> **ABOUT THIS EXERCISE**: All of the listing should be output exactly, apart from the pictures.

> **DATASET EXCERPT**:
──────────

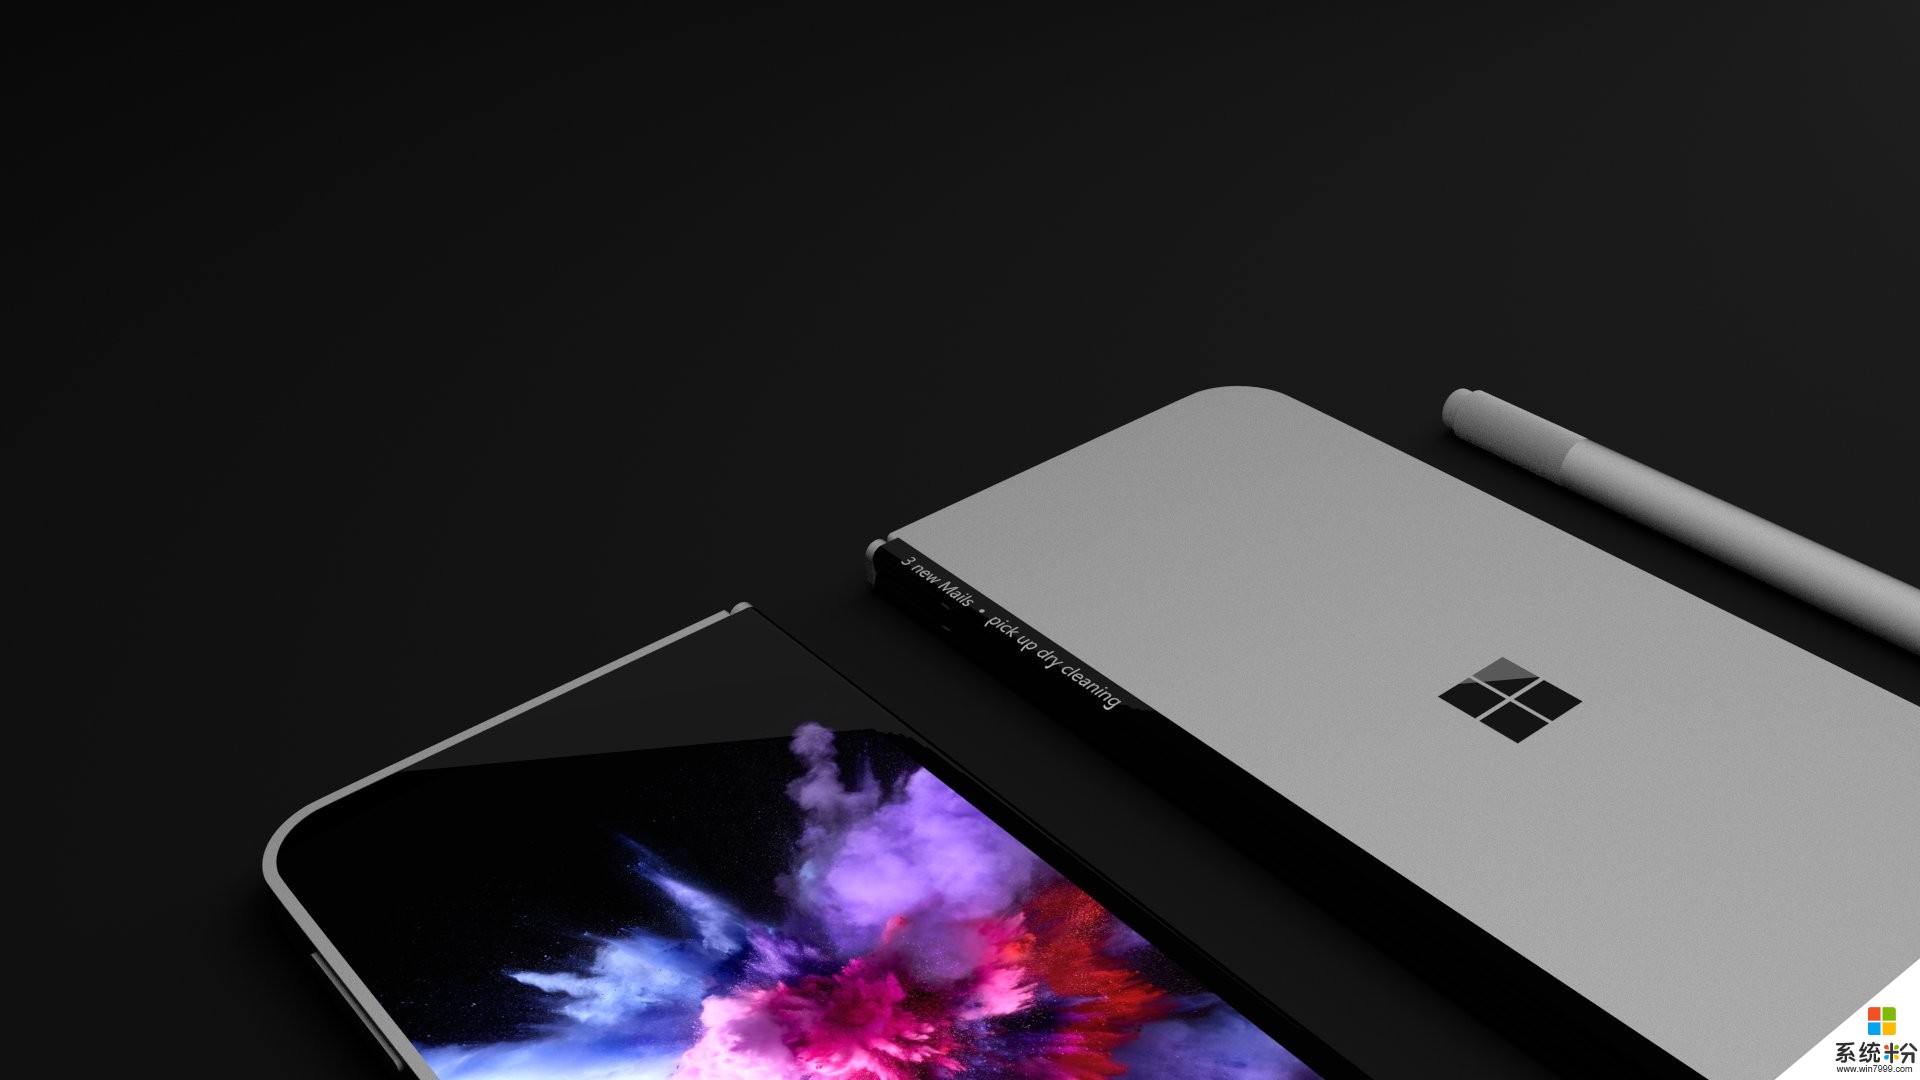 说漏嘴? 微软自曝Surface Phone双屏折叠机(3)
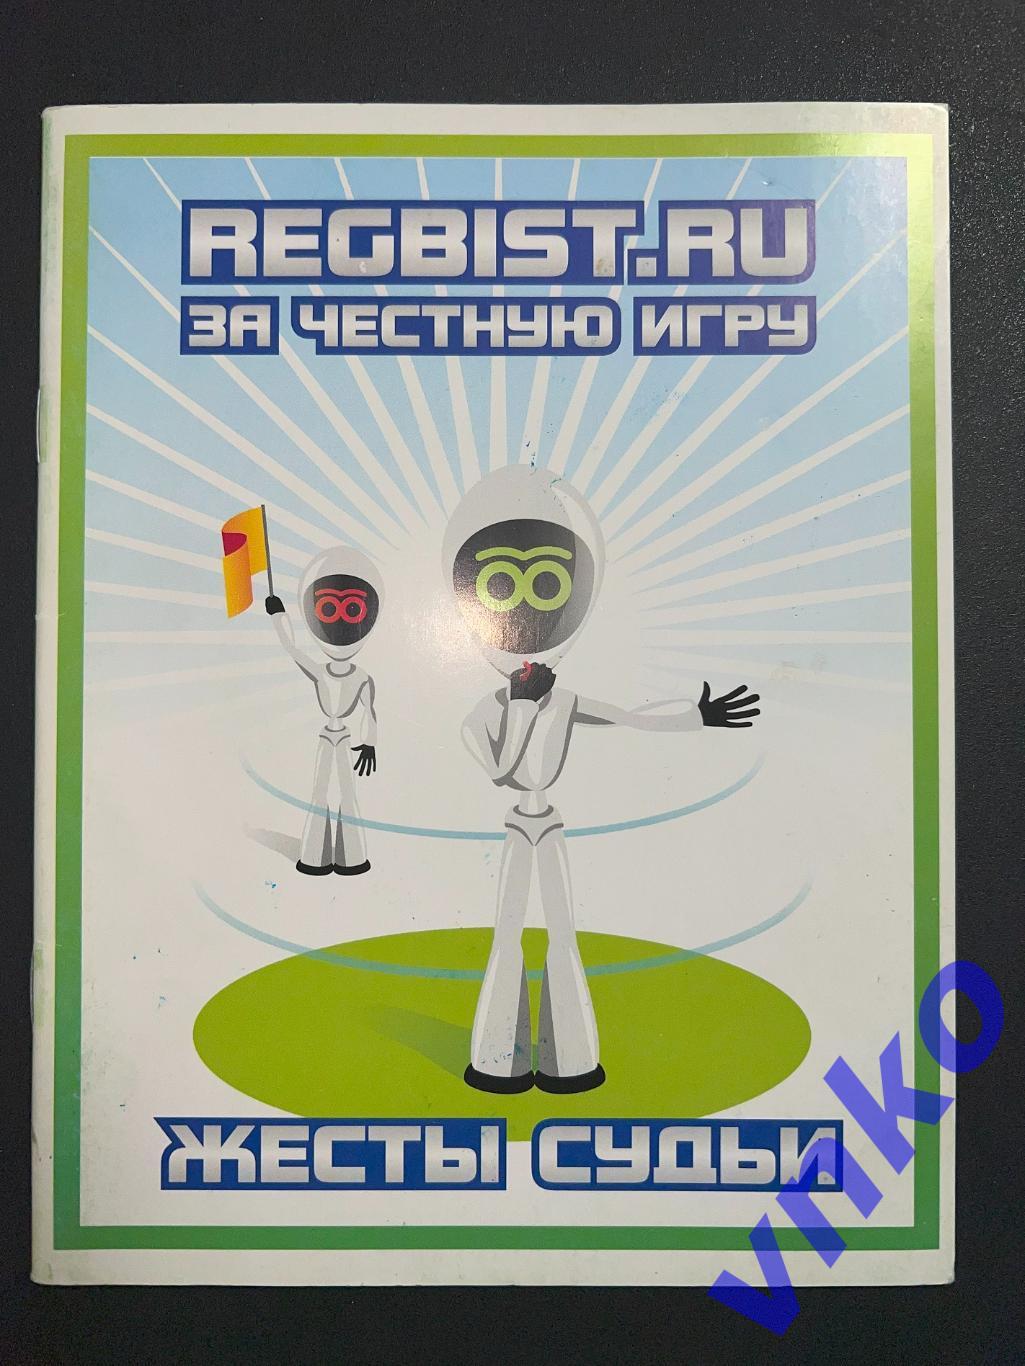 Регби Regbist.ru за честную игру. Жесты судьи
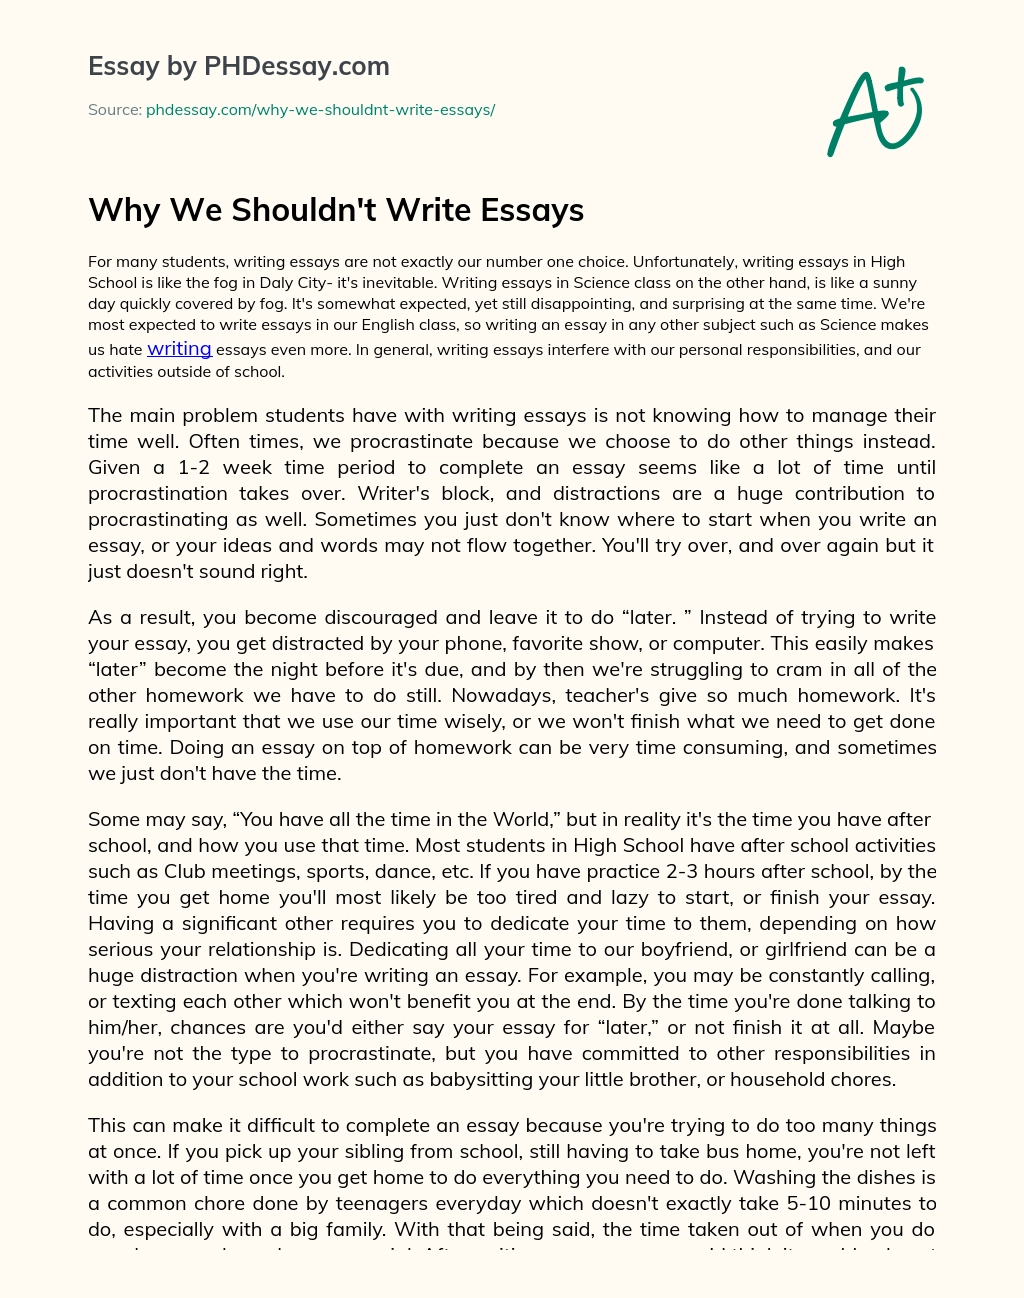 How To Write An Essay - Argumentative, Pesuasive, Narrative

──────────

> **OUTPUT FOR THIS TASK**:
 说漏嘴? 微软自曝Surface Phone双屏折叠机(3)
 Регби Regbist.ru за честную игру. Жесты судьи
 How To Write An Essay - Argumentative, Pesuasive, Narrative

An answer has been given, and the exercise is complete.